Pretty Hurts!

  • Yakari Gabriel
    8 years ago

    ....So is that why I am always in pain?

    Lmao, I love you people.
    I hope everyone is doing beautiful.

  • silvershoes
    8 years ago

    Yak attack, what's good, baby? We love you too. You're our PnQ celebrity.

  • Melpomene
    8 years ago

    Hope you're doing well! I love following your growth on Instagram, you're taking the poetry world by storm. Very proud of you!

  • Yakari Gabriel
    8 years ago

    Omg, a celebrity? what is my life. thank you jane :*

    Also, Hi Mel! sending you a warm hug.

    You know, I am absent in forums even though i lurk PnQ on the daily. I actually started this thread, because I wanted to discuss how our poetry creates a certain image of us even though it is far from the truth. I know most of you, don't really share your poetry outside of PnQ, but again, there's some of you who do. The main reason, I share so much on social media is because I want people to understand that there's not just one dimension to me.
    You know, that I am deeply human and i have good times and bad times like everyone else.

    Let me tell you all a little story. A few days ago I was having dinner with a few friends and we start having wine, and some hours into the night we get in our feelings and start having an intimate conversation. So, one of my friend starts going on and on about how he feels lonely in Holland and he lived a very good life back in his homeland and now he has to struggle etc etc. Ofcourse, I can't relate to his story because i didn't like life back home.
    But I could relate to his feeling of lonely. So in my effort to give him a pep-talk, I try to tell him that it is a temporary sacrifice for a greater good. And then he turns around and tells me
    "That's easy for you to say, because you are brave" I laugh it off and i keep drinking.
    But it really bothered, it bothered me for days. That people think that because I am brave i lack empathy.

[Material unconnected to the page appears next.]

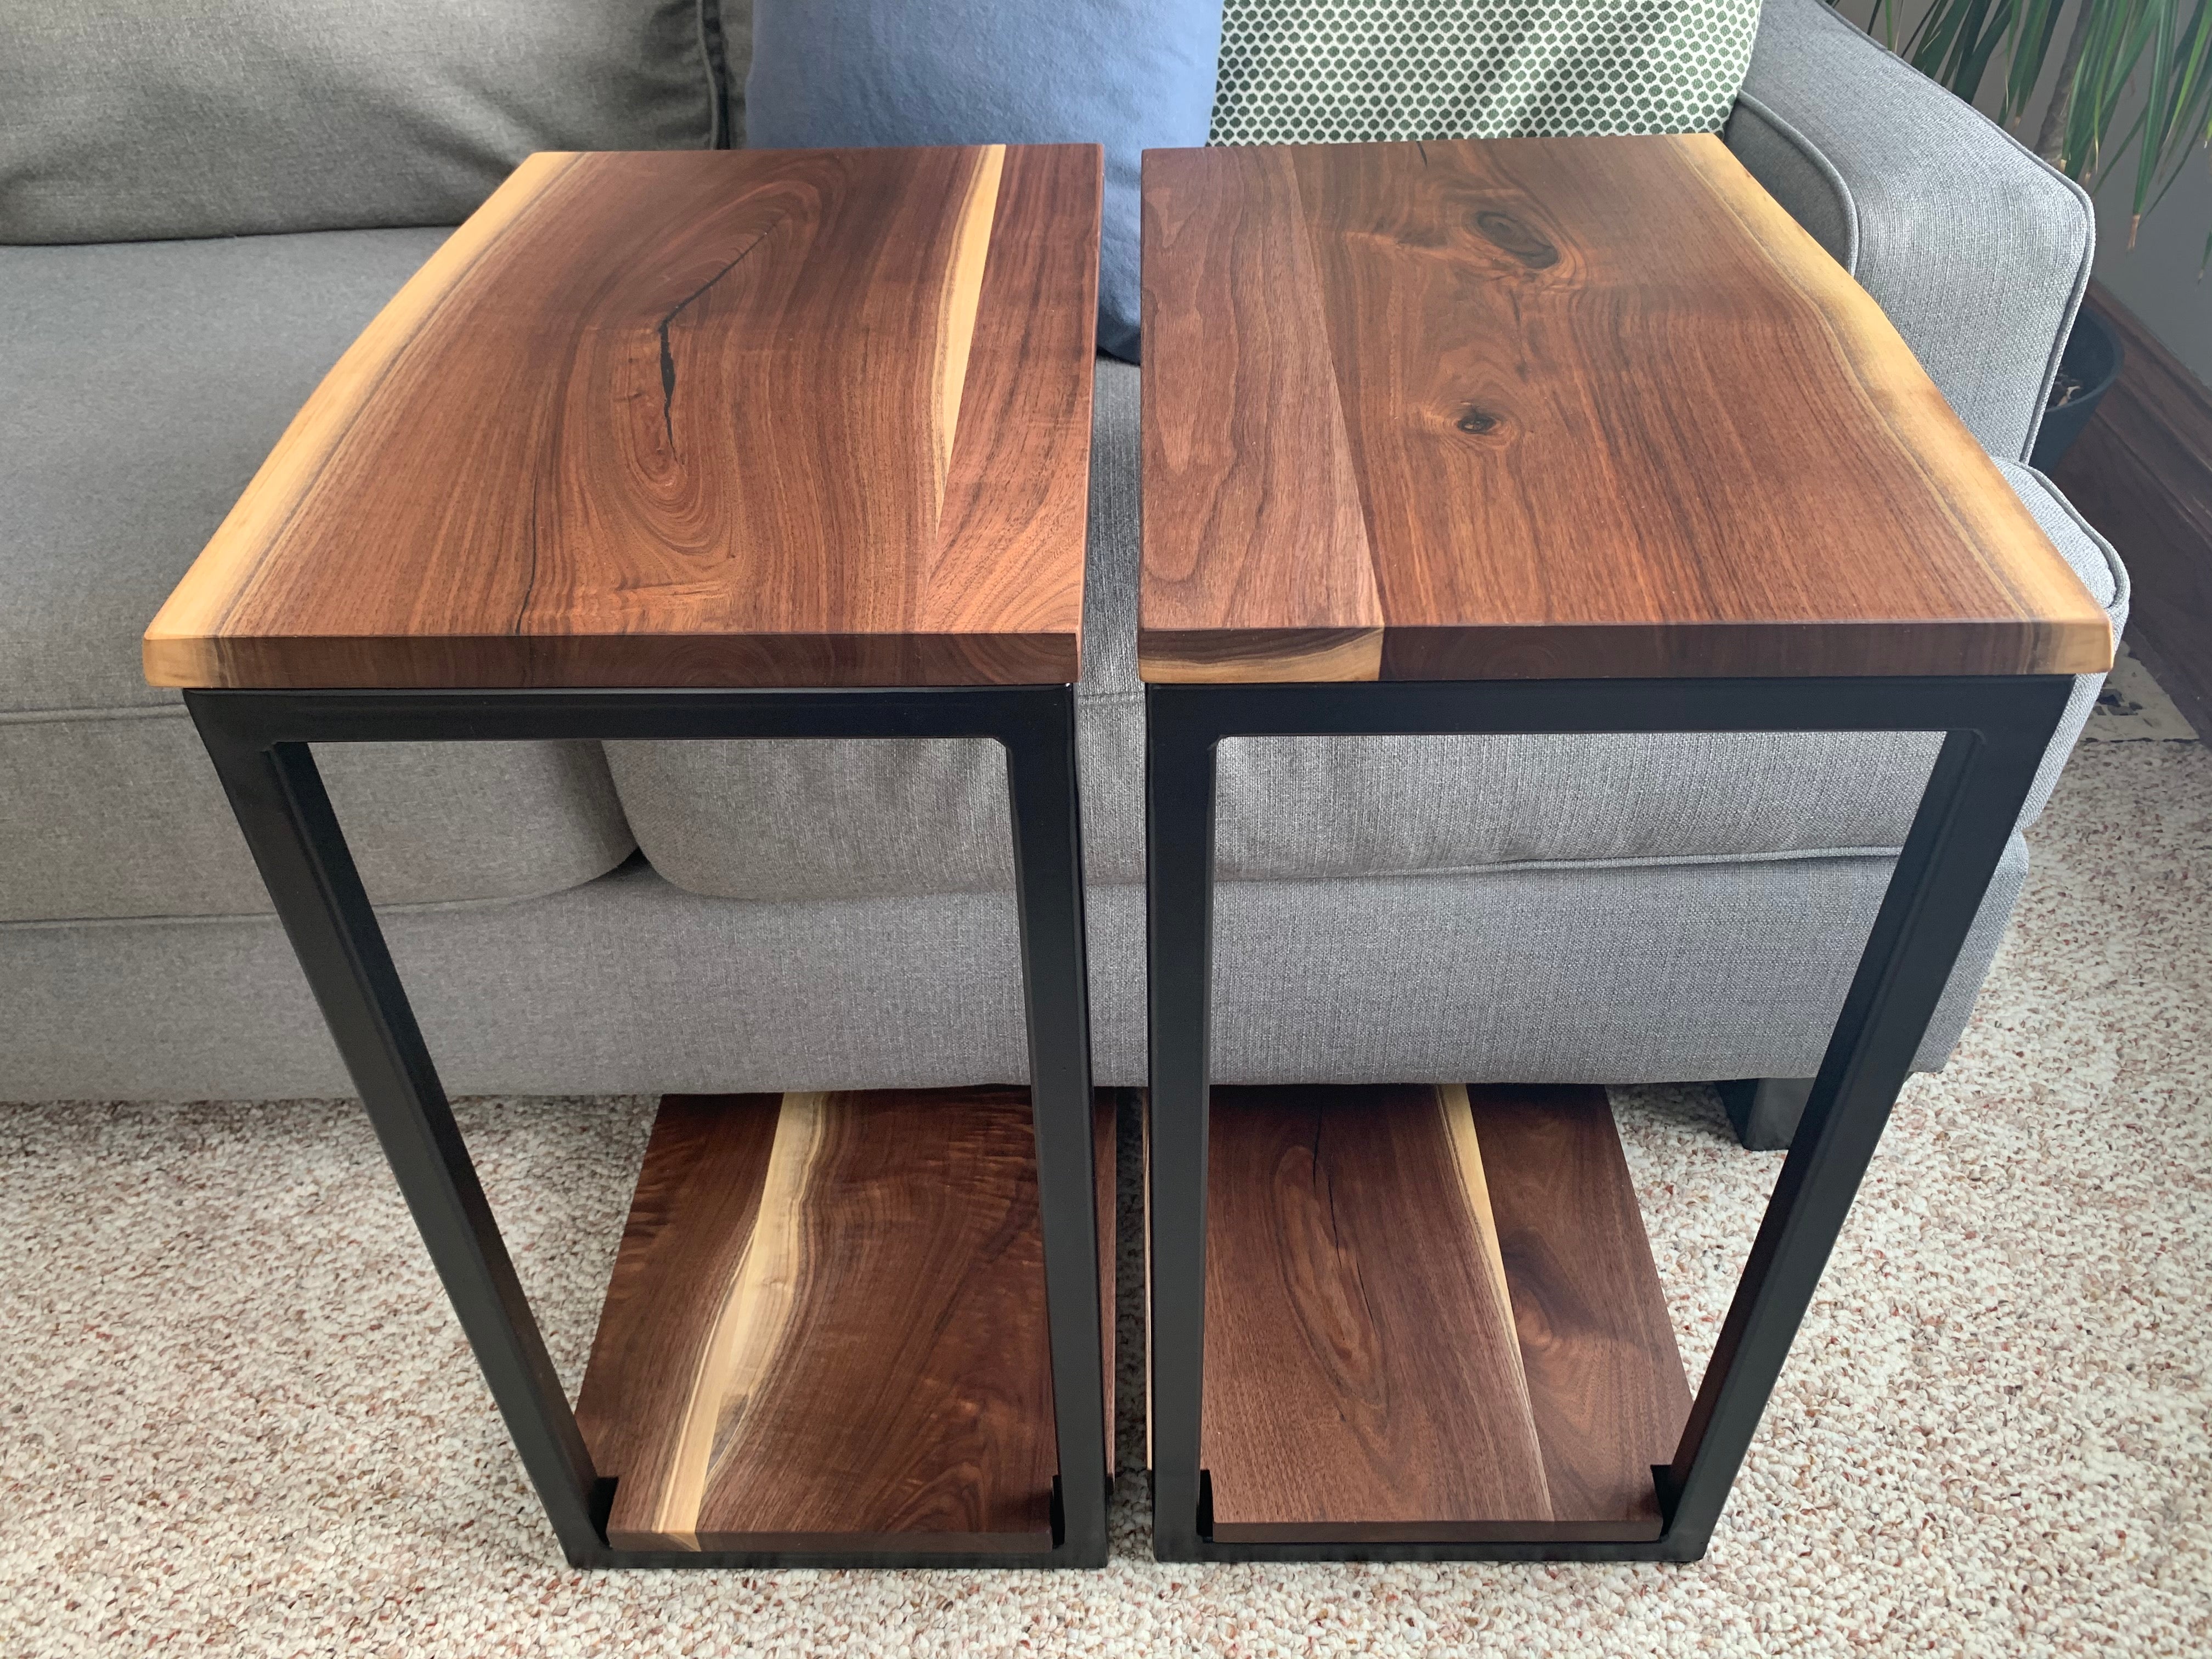 Floor Shelf Live Edge Walnut Wood C Table Handmade Furniture in Iowa, USA

Or am not empathetic.

    So i spoke to my friend about it, and she gave me this story. She tells me that his perception of me, only bothered me because I have some inner demons that I have to address. (which is very true). She tells me, "Yes, you are brilliant, but you can not allow yourself to become another virginia wolf. You need to make peace with your inner demons so opinions do not bother you." She also said, that channeling and sharing all my grief to my writing makes it worse because - according to her - the type of writer I am puts me up on a pedestal,
    From which it is hard to see that I need empathy too.

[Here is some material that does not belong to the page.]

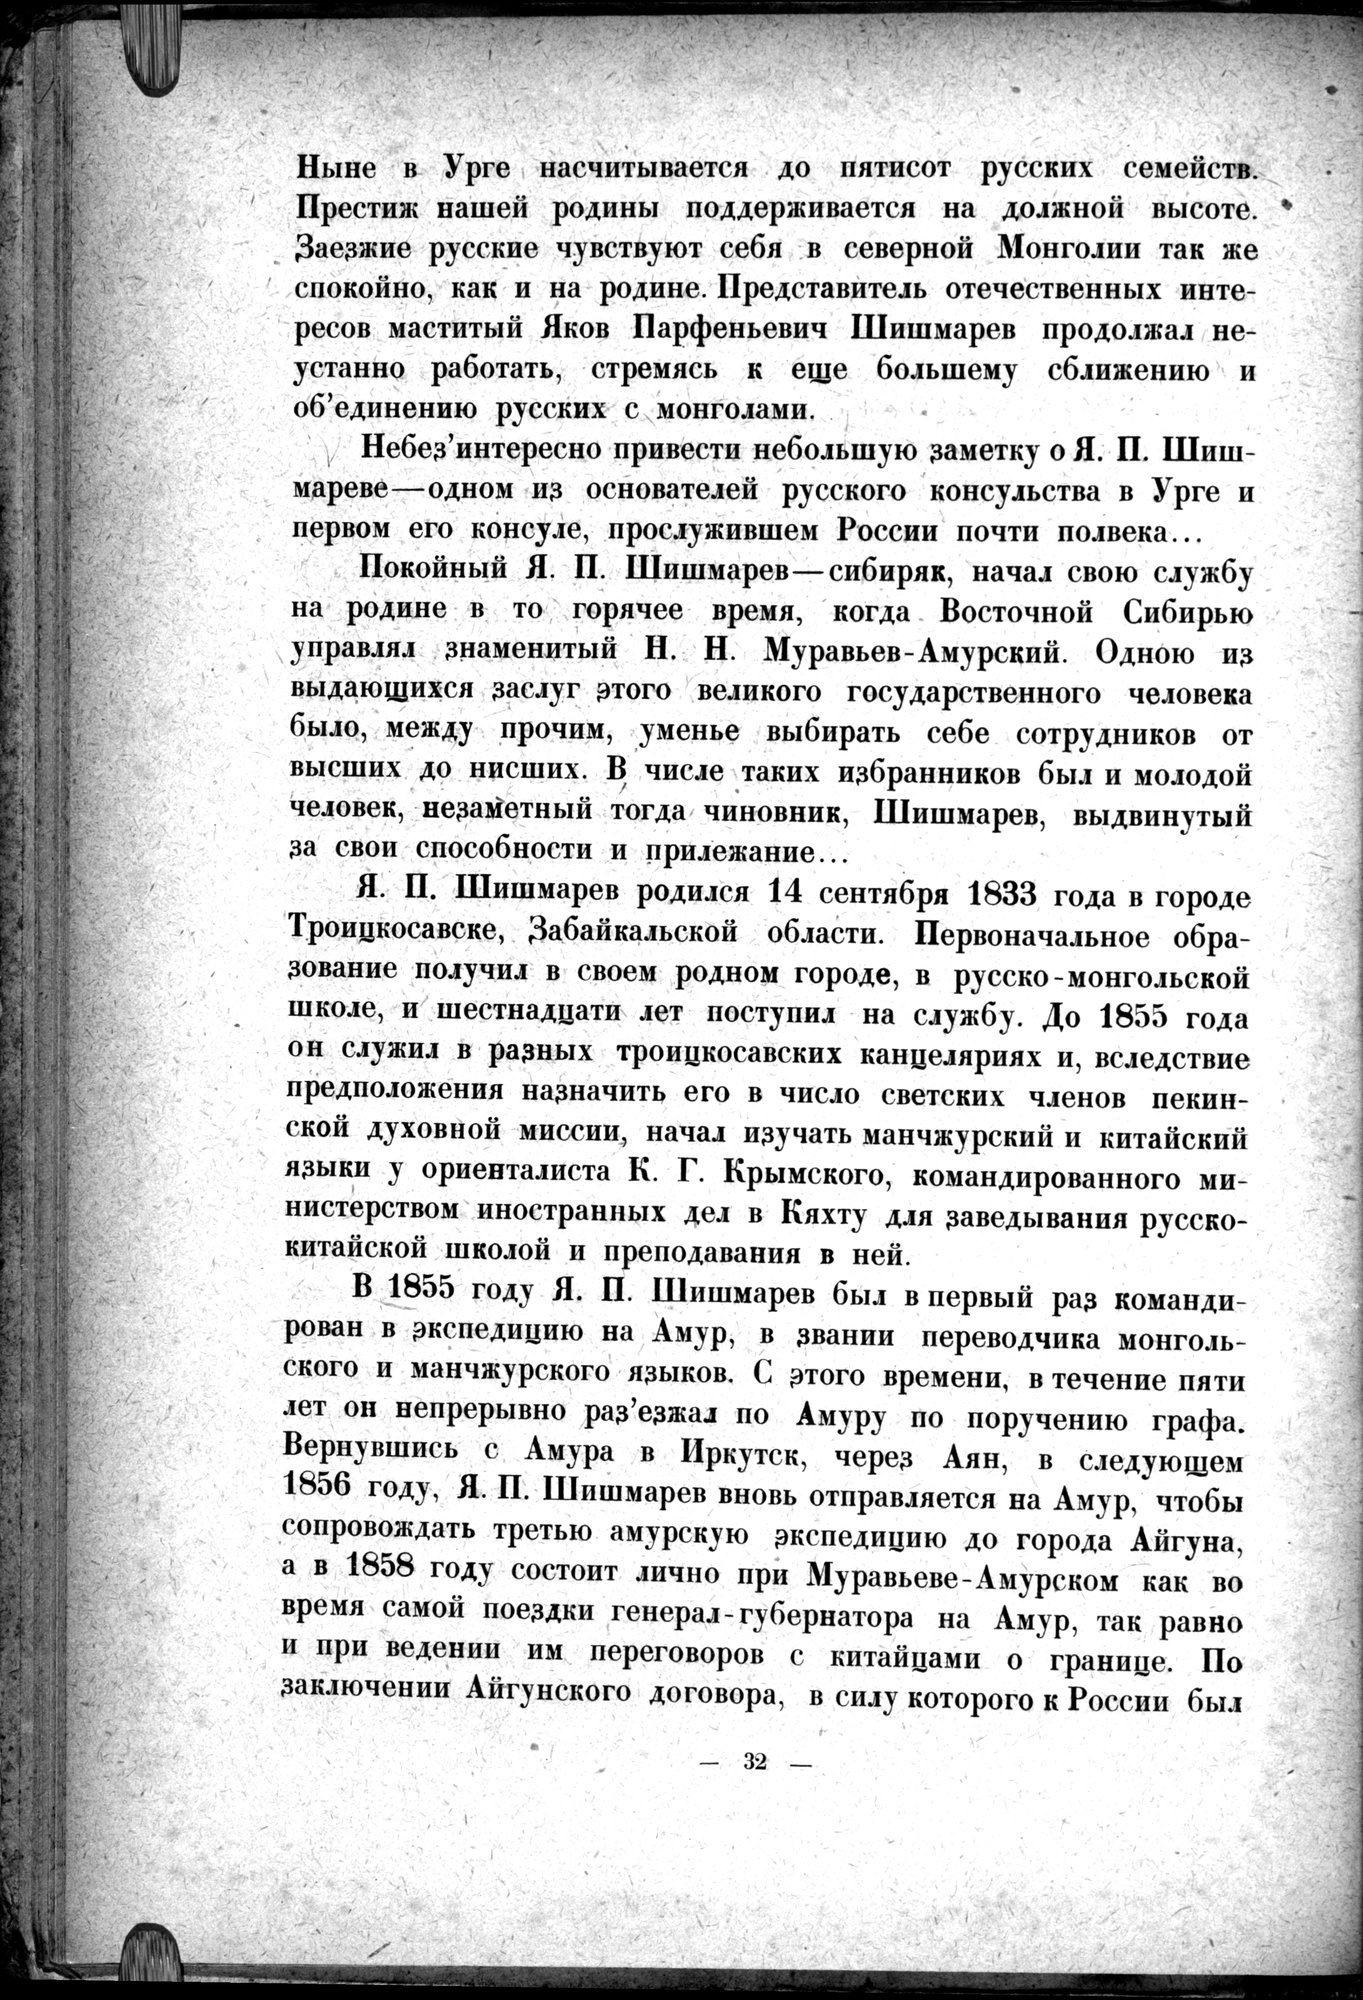 Mongoliya i Amdo i mertby gorod Khara-Khoto : vol.1 / Page 52 (Grayscale High Resolution Image)

    ...that was heavy to read, but I am glad she told me that. So here's the thing...
    Does anyone do something outside of writing to deal with the pain? Like some art or activity you do solely for you. Outside of everyone elses gaze?. Do you think you change as an artist when an audience comes into the picture? What have you lost to exposure? Talk to me!

  • silvershoes
    8 years ago

    Hmm I wonder how my poetry shapes my image.

    Yaki, you are empathetic. I know this because you've reached out to me on multiple occasions and comforted me. You've read between the lines and known what one of my poems was about when I thought the meaning behind it was well hidden, and you cared enough to ask, and you cared enough to relate to me and understand my sadness. I know you're empathetic because you understand the circumstances of your friend from Holland and you used your own experience to lend comfort. You can be strong and empathetic. If your friend meant you are the former and therefore can't be the latter, he's wrong. Maybe he wanted someone to say, "You're right, move back to your homeland" because he wants to feel affirmation in giving up on a path to success. You didn't do that. You care about him too much to tell him, "Give up." That's my interpretation.
    As for your other friend, maybe you've found some truth in her words, and if it helps you grow or reflect, so be it. Good. But those without sin shall cast the first stone. I'm not necessarily religious, but there is a lot of truth to this principle. It seems to me this woman is deflecting and overstepping. I don't know her, but the impression your story left me with is that she doesn't recognize we are all flawed. She's flawed too.
    And again, they're both wrong. You're empathetic. You're not frail, soft-spoken, or a pushover. You are strong and you are empathetic, and you are not one without the other.

    I'll need to revisit this. I'm out and using my phone.